Future studies and limitations

Future studies have to shed more light on these issues, as the cross‐sectional design of this study makes it hard to pinpoint direction or causality of the included associations. An interesting direction could be to look at how interactions between divergent and convergent thinking skill affect mathematics performance over time. Such a study can be more sensitive to hypothesized age differences in divergent and convergent thinking (Alfonso‐Benlliure & Santos, 2016) than our study, which was limited to fifth‐grade students. Furthermore, the present study aimed to disentangle the associations of divergent and convergent thinking with mathematics performance, but more research is needed to understand these mechanisms. Specifically, purity of measurement might be an issue, as researchers have argued that convergent thinking processes might play a role on divergent tasks and vice versa (Cortes, Weinberger, Daker, & Green, 2019). Although this does not seem to have affected our study too much, as we found low correlations between divergent and convergent measures, it cannot be ruled out completely that the positive association we found between convergent thinking and mathematics performance in part reflects divergent thinking processes too. More fine‐grained (qualitative) research that focuses on how divergent and convergent thinking alternate each other in problem‐solving could shed light on subtle differences between the two.

Implications

This study advanced the understanding of the relationship between creativity and mathematics, specifically convergent thinking, and has implications for the implementation of creativity in mathematics education. In line with previous literature, the results support the conceptual distinction between divergent and convergent thinking (Barbot et al., 2016; Lee & Therriault, 2013; Storme et al., 2015) because different effects were found for each. Thus, it is important for teachers to be aware of the diversity within creative thinking skill, which might mean that divergent and convergent thinking need to be incorporated in mathematics education in different ways. Convergent thinking has a direct positive relation with performance on both mathematics tasks, whereas divergent thinking does not. Based on this finding, we recommend primary math teachers to promote convergent thinking in their lessons.

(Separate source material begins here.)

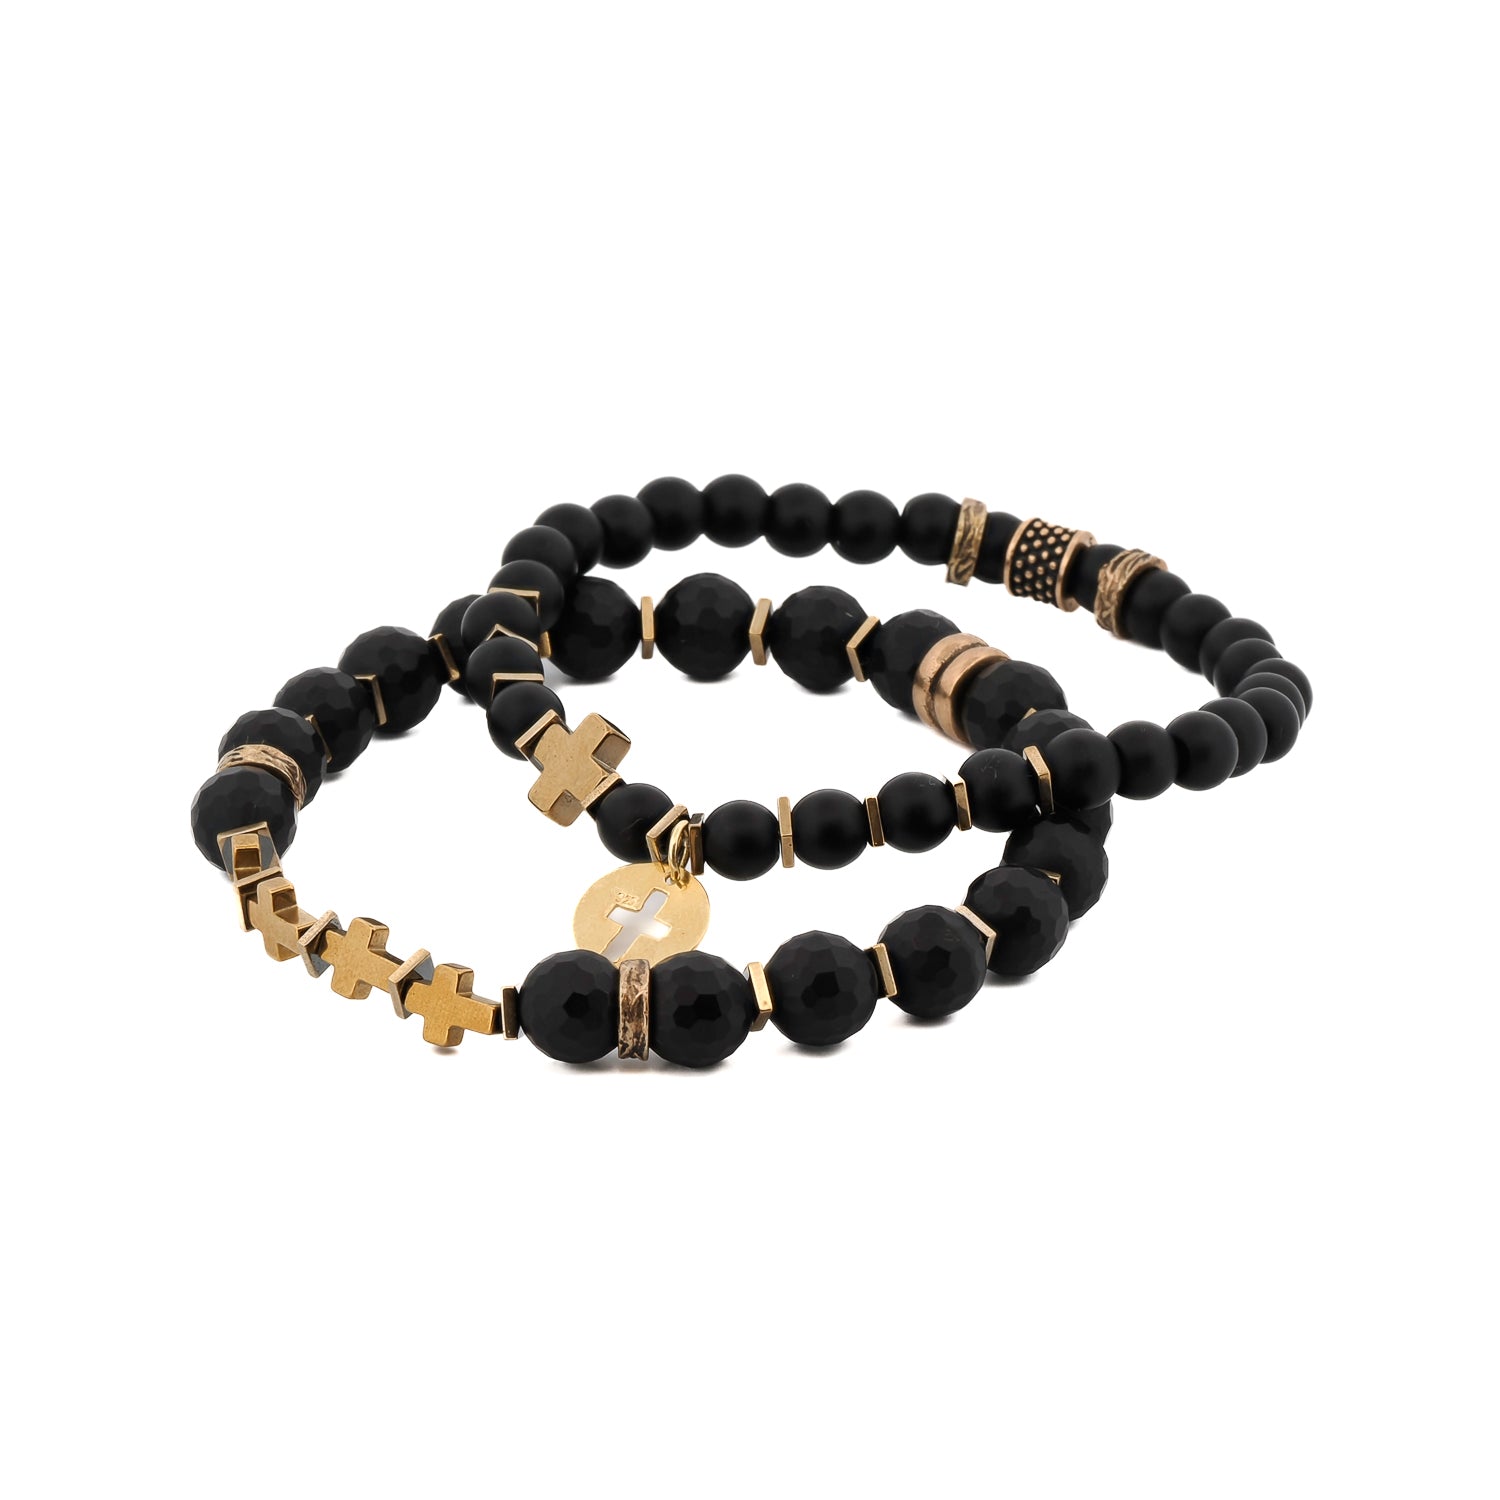 Matte Black Onyx Stone Gold Cross Charm Wise Belief Bracelet Set

Previous research in the field of marketing and innovation has investigated techniques to promote convergent thinking, like analysing the strengths and weaknesses of an idea (Licuanan, Dailey, & Mumford, 2007). However, mathematics teachers struggle to promote creativity (Kaufman & Baer, 2004), and there is a paucity of research that investigates how teachers can support creative thinking in education (Davies et al., 2014). Therefore, more research is needed to fully understand how creative thinking and mathematics performance are related and how creative thinking can be promoted. This study was one of the first to simultaneously study divergent and convergent thinking in mathematics. The interaction effects we found show it is important for educators to be aware of individual differences in creative thinking and their possible influence on mathematical achievement.

Conflict of interest

All authors declare no conflict of interest.

Author contributions

Isabelle C de Vink: Conceptualization (equal); Formal analysis (equal); Investigation (equal); Methodology (equal); Writing – original draft (equal). Robin H Willemsen: Conceptualization (equal); Investigation (equal); Writing – review & editing (equal). Ard W Lazonder: Conceptualization (equal); Funding acquisition (equal); Supervision (equal); Writing – review & editing (equal). Evelyn H Kroesbergen: Conceptualization (equal); Funding acquisition (equal); Supervision (equal); Writing – review & editing (equal).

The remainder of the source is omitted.